時折、ハンターカブ(CT125)のフレームが折れて交換せざるを得ない画像とかが、SNS上にアップされているのを見る時がある。
頑固さが売りであるハンターカブのフレームが折れると言う事は、メーカー側のリコールや原因が考えられるモノなのか?
もし走行中にフレームが折れれば、大事故につながる!
この問題は単なるSNSやネット上の噂ではなく、物理的な要因に基づいた現実のリスクです。しかし、正しい知識と対策のスキルを得ていれば、過度に恐れる必要はありません。
このコンテンツでは、なぜ頑丈と言われるハンターカブのフレームが折れてしまうのか?、その物理的な仕組みを徹底的に解説するとともに、メーカー側のリコール状況や、明日から実践できる具体的な対策について詳しく解説していきたいと思います!
■この記事でわかること
- 【現状】ハンターカブのフレームが折れる原因はリコール対象?
- なぜ折れる?フレーム破断の仕組みと原因を解説
- 【折れてた・・】ハンターカブのフレーム交換の流れ
- ハンターカブのフレーム折れに対する3つの対策
- 最後に統括
【現状】ハンターカブのフレームが折れる原因はリコール対象?

まず最初に、多くのオーナーが最も気にしている点について触れておきましょう。
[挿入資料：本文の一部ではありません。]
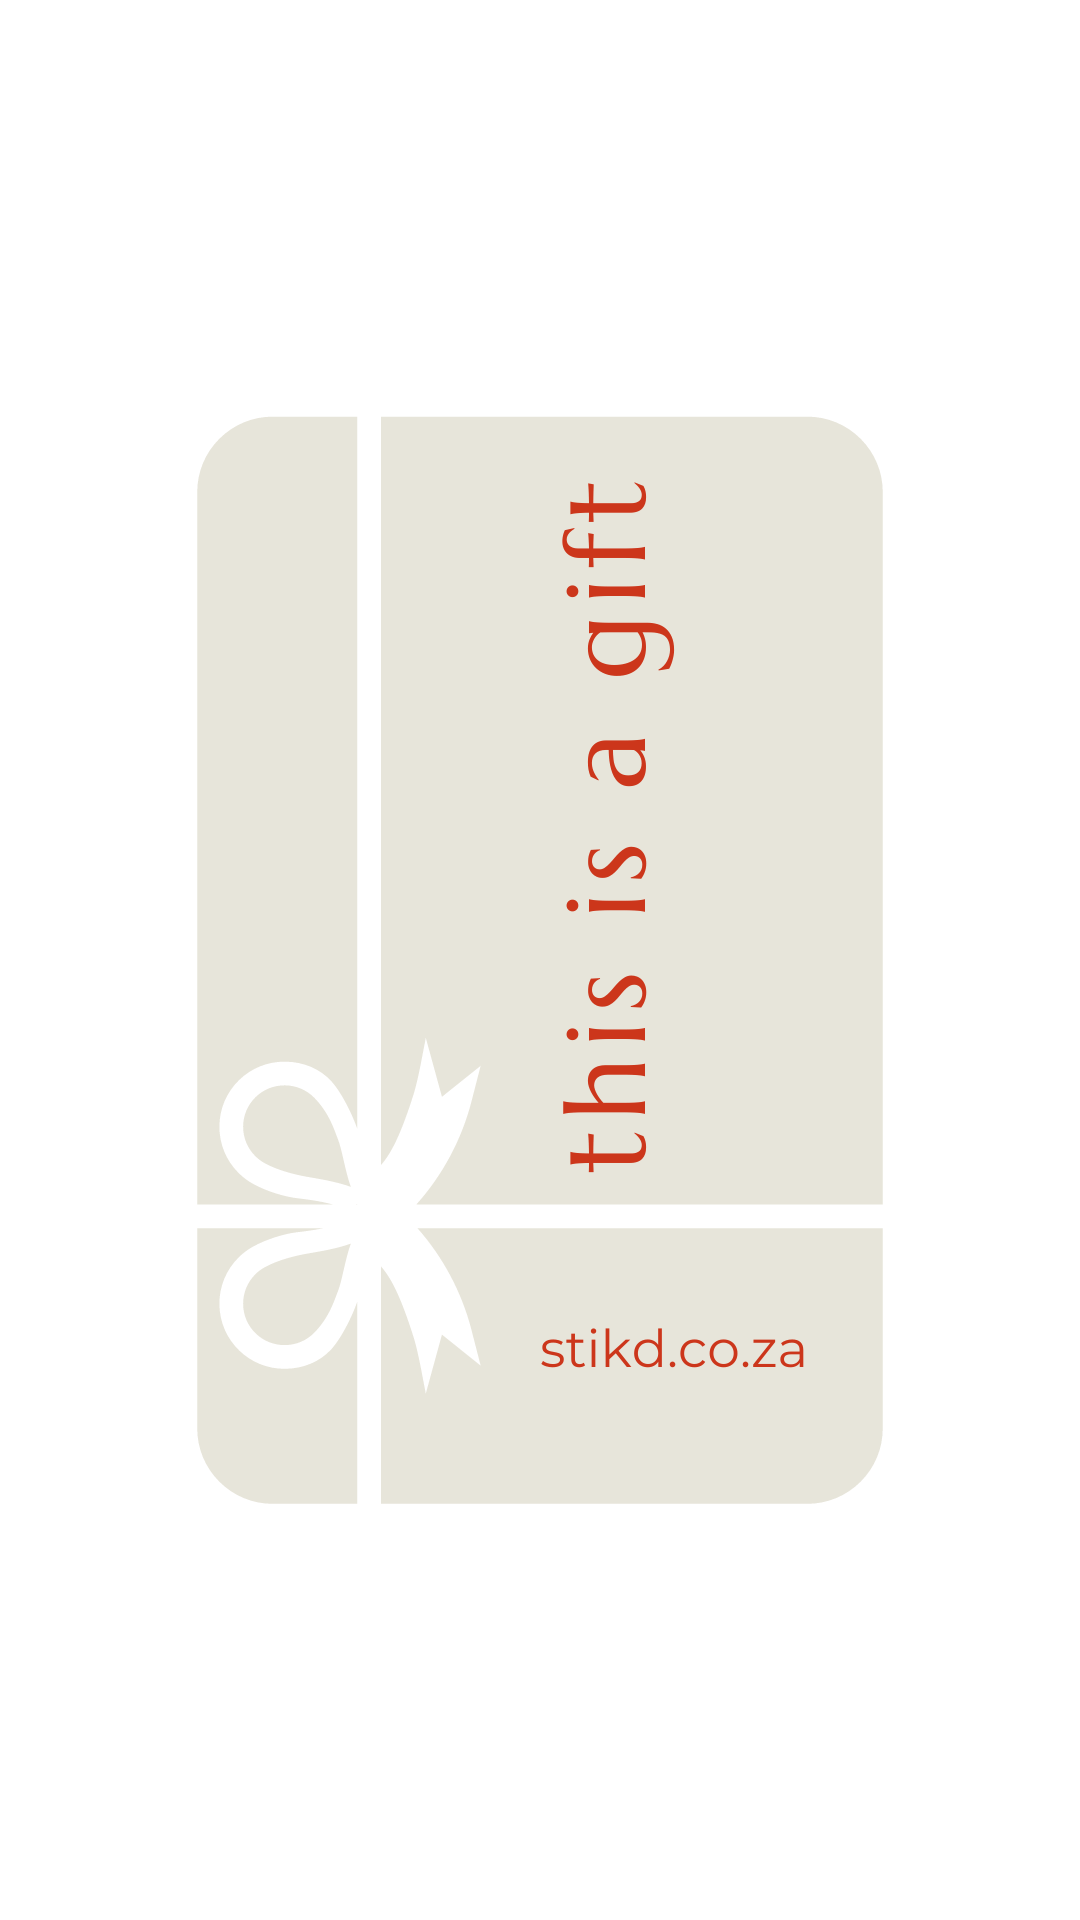 STIKD Gift Card - Stikd

それは、このフレーム破損問題がメーカーによる設計上の欠陥、すなわちリコール対象なのかどうかという点です。
メーカー(ホンダ)の公式見解とリコール情報
結論から言うと、現在において、
過去にはチェンジペダルが脱落する恐れがあるといったリコールはありましたが、フレームが折れるという事象に対して、全車両を対象とした回収や修理は行われていないのが現状です。

出典ホンダ公式
メーカー側は現時点でフレームの強度不足を構造的な欠陥とは認めていません。
ネット上ではリコールになるべきだという声も多く上がっていますが、リコールというのは設計や製造工程に明確な不備があり、保安基準に適合しなくなる恐れがある場合に国土交通省に届け出るものです。
フレーム破損のケースの多くが、メーカーが想定している基準を超えた過度な積載や、社外製の延長キャリアを使用したことによる負荷の増大と関連していると判断されているため、一律のリコール措置には至っていないというのが実情です。
無償交換(保証修理)になるケース

では、万が一フレームに亀裂が入ったり折れたりした場合、すべてが自己責任となり有償修理になってしまうのか?
これはケースバイケースであり、無償交換、つまりメーカー保証の対象になる場合とならない場合があります。
新車で購入してから2年以内の保証期間内であれば、当然ながら保証修理の申請を行う権利があります。
無償交換が認められやすいケースとしては、車両がノーマルの状態に近く、メーカー純正のキャリアを使用し、かつ取扱説明書に記載されている積載制限重量を守っていたにもかかわらず破損した場合などが挙げられます。
この場合、通常の使用範囲内で製品の強度が不足していたとみなされ、クレーム処理としてフレーム交換が行われる可能性があります。
無償交換にならないケース

一方で、保証対象外となる可能性が高いのが、社外品の延長キャリアや特大のリアボックスを装着していた場合です。
特にキャリアの後ろにさらにキャリアを継ぎ足すようなカスタムは、フレームにかかる負荷を劇的に増大させます。
メーカーの想定外の使い方が原因で破損したと判断されれば、たとえ保証期間内であっても有償修理となることが一般的です。
また、悪路走行や転倒歴がある場合も、外部からの衝撃が原因とされ、保証が効かないことがあります。
重要なのは、ディーラーが車両の状態を見てどう判断するかという点ですが、明らかに過積載の痕跡がある場合は厳しい対応になることを覚悟しておく必要があります。
なぜ折れる?フレーム破断の仕組みと原因を解説

頑丈無比なカブの神話を持つハンターカブのフレームが、なぜ折れてしまうのか?
これには金属疲労と物理法則が深く関係しています。感情論ではなく、メカニズムを知ることで本当の恐怖と対策が見えてきます。
折れる場所は「シート下の溶接部分」一択
SNSなどで報告されている破損事例を見ると、折れる場所は驚くほど共通しています。
それは、シートの下あたり、具体的にはメインフレームとリアのサスペンションが取り付けられている部分の近くにある溶接箇所です。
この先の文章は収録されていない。